The cases below offer a compelling social portrait of labor and the power relationships that shaped work in the eighteenth and nineteenth centuries. They explore the act of work itself and the Court of Session's role in settling legal issues between laborers, their employers, and the wider community in this period.
|Shaw v. Fleming||1 Aug 1776||Elections, Burgh||This case concerns a disputed election in the burgh of Rutherglen. Different trades (including deacons, masons, and weavers) would meet with members of their industry and submit lists of candidates for the elections, a common election practice of the period. Pursuers George Shaw et al. lodged a complaint against the town council of the burgh of Rutherglen.
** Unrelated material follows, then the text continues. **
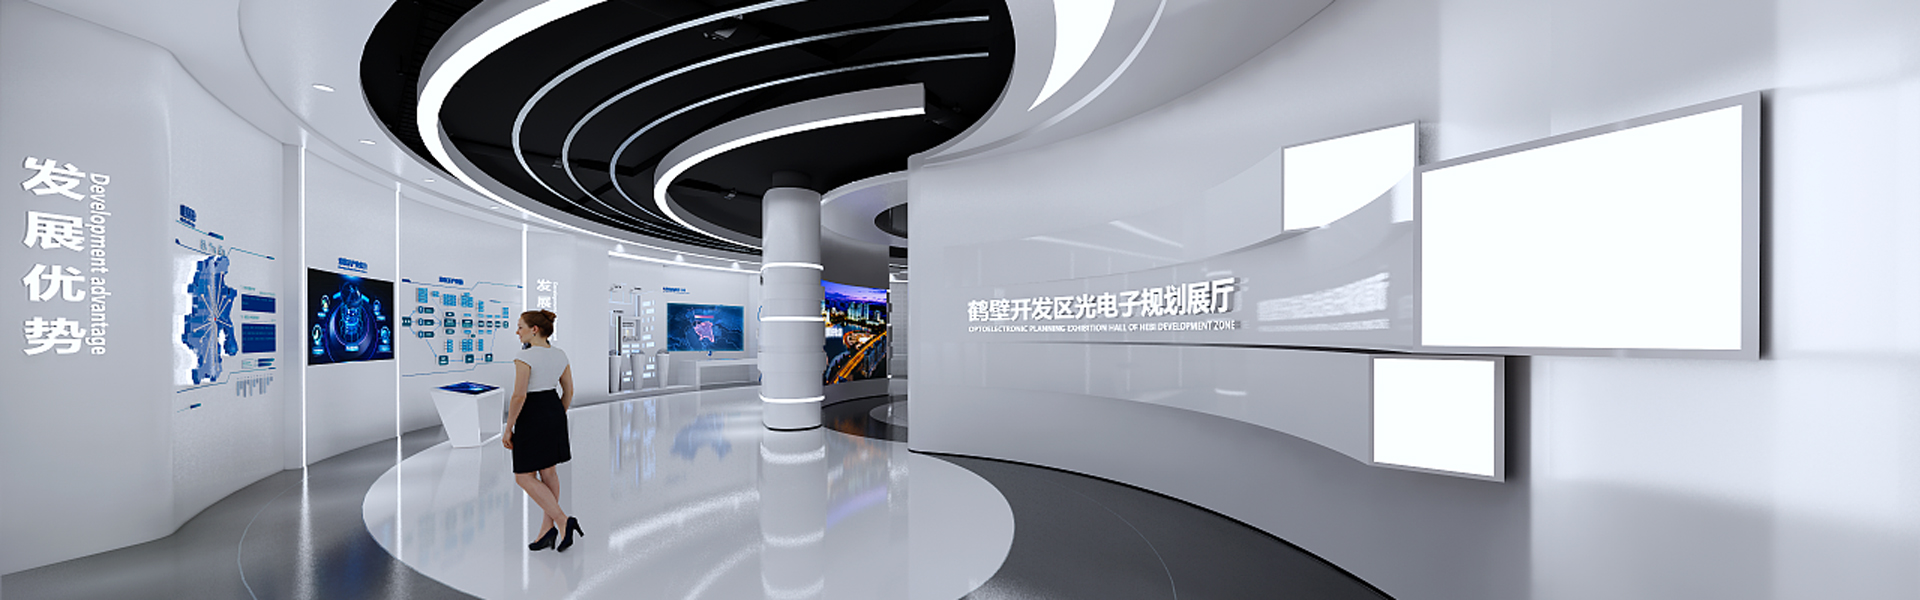 华南泵业企业展厅设计案例

Apparently the town council adopted a practice of restricting voting to resident masons and wrights, and disallowed non-resident masons and wrights from voting. Shaw et al. alleged that this attempt to disenfranchise the non-resident masons and wrights was unlawful.|
|Houston Stewart Nicolson, Esq v. Mrs Stewart Nicolson||6 Dec 1770||Adultery, Divorce||Houston Sterwart-Nicolson was married to Mrs. Sterwart-Nicolson in 1764. Mr Nicolson having brought an action of divorce against his wife for adultery, supposedly with William Grahame a employee and servant of Sir William Maxwell of Springkell, brother-in-law of the pusuer. Mrs Nicolson made a declaration of her innocence, and she insisted that the pursuer misled the situation and created artful stories about his adultery. She, as the defender, objected to the charges and questioned the competence of the witness that her husband, Mr. Nicolson, presented because all of them were servants of Sir William Maxwell, pursuer's brother-in-law.
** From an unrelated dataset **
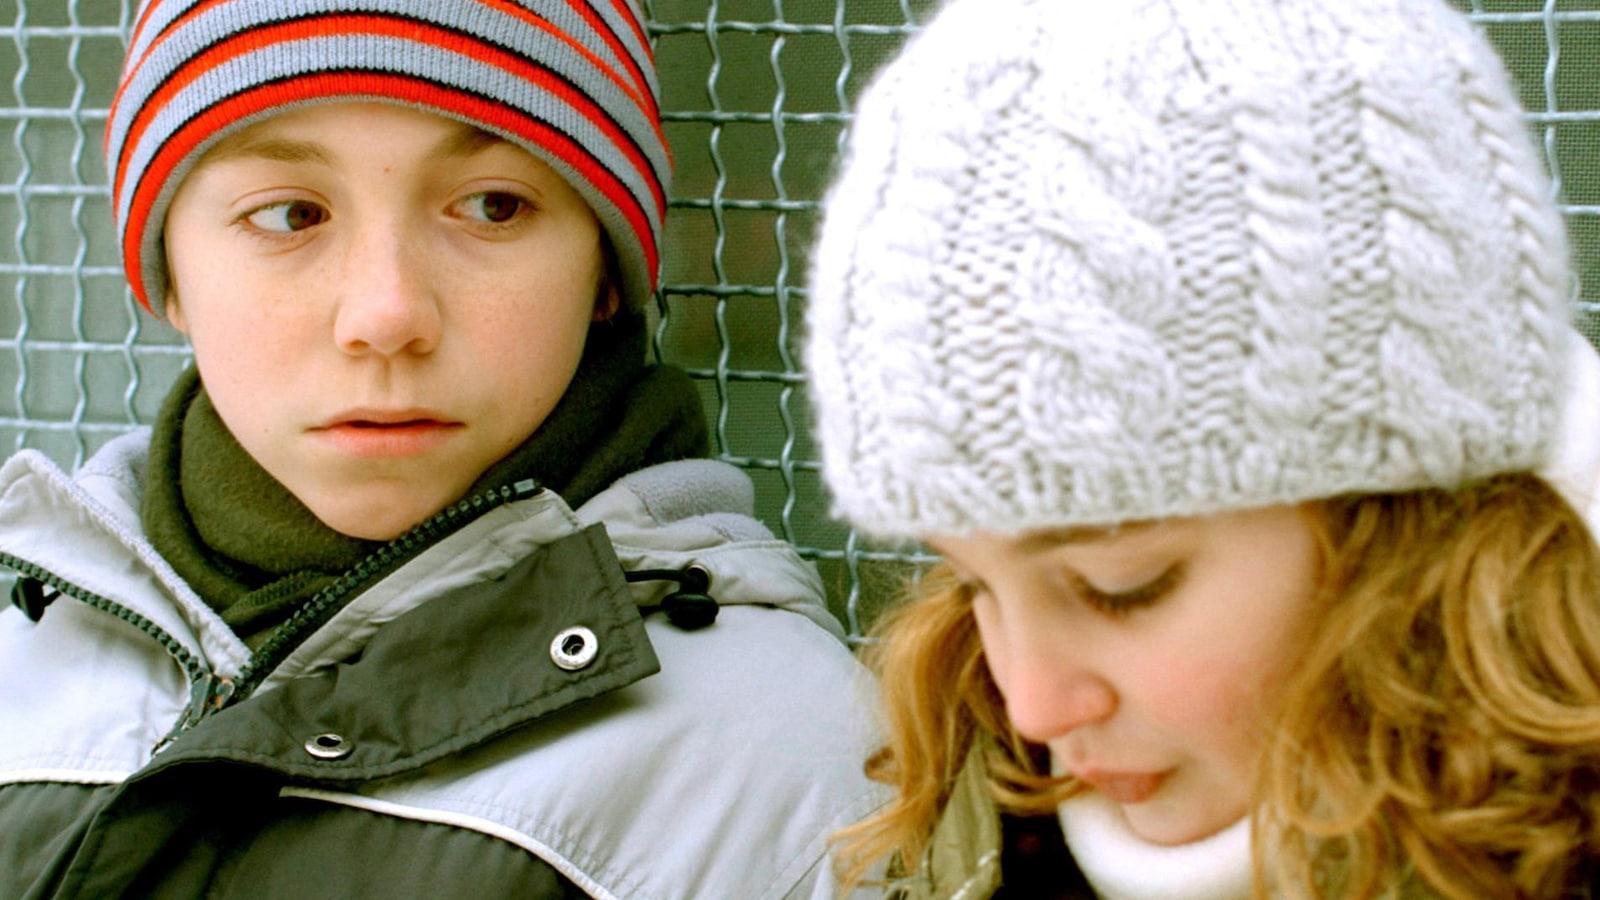 Devant un grillage, portant des habits de neige, un petit garçon regarde une petite fille.

|John Gardner v. Smith and Wardrobe||1775||Tutor and Pupil||John Smith entered into an indenture to be an apprentice to John Gardner, a wright. Smith’s grandfather John Wardrop also was a party to the agreement, having agreed to provide board and washing for his grandson. The agreement had a term of three years and would be enforced by a £5 Sterling penalty if either side failed to perform its obligations. Smith entered into Gardner’s service, but he left the apprenticeship after about a year. Gardiner charged Smith and Wardrop for payment of the £5 Sterling penalty. However, Smith and Wardrop argued that the indenture agreement was void because it lacked a stamp signifying payment of a statutory duty. They also alleged that Gardner had taken up smuggling and was deficient in providing instruction.|
|Maxwell v. Buchanan||8 Mar 1776||Archibald Buchanan, defender, agreed to be an apprentice to Stephen Maxwell, pursuer. An indenture between the two men specified the penalties that Buchanan would pay if he missed work; it also required Maxwell to pay Buchanan a stipend for board. Several years into the indenture, Maxwell accused Buchanan of theft and had him jailed. Buchanan was released on bail and never brought to trial. He then sought either to return to work or to be free of the indenture. Maxwell refused to receive him and raised an action for the contractual penalties, as well as for damages relating to Buchanan’s failure to complete the indenture.|
|Walpoles v. John Walker||10 Mar 1778||Reduction of a Trust Deed, Fraud, Commission of Bankruptcy In England||This case concerns a trust disposition granted by William Alexander to John Walker in September 1775, shortly before an English commission of bankruptcy was awarded against the former. The largest English creditors of William Alexander held mortgages on two Grenada estates jointly owned by him and his brother. They brought an action to have the above-mentioned trust-deed reduced. In January of 1778 Lord Monboddo assoilzied (absolved) the defender. The pursuers petitioned the Court to alter this decision. They argued that the trust was voided by a petition for a sequestration brought before Lord Gardenstone by William Alexander in April 1777. In addition, the pursuers argued that the trust-deed failed under the statutes 1621 (relating to conjunct and confident persons) and 1696 (regarding diligence), "or, at least, that they ought, without hesitation, to be reduced, on the head of fraud, at common law." Regarding this charge of fraud, the pursuers claimed that they had an indisputable claim to the proceeds of the Grenada plantations, but that the Alexander brothers, aided by the defender, went through elaborate lengths to conceal these profits from their creditors. They further accused William Alexander of sending his trunk of papers to Edinburgh, so as to prevent the pursuers from discovering this fraud. The Court altered Lord Monboddo's interlocutor, sustaining the reasons of reduction. William Alexander then petitioned the Court to alter this interlocutor, which it refused. Similarly, the defender petitioned the Court to either allow the trust to subsist in the person of another trustee, or to declare as bona fide his prior actions as trustee.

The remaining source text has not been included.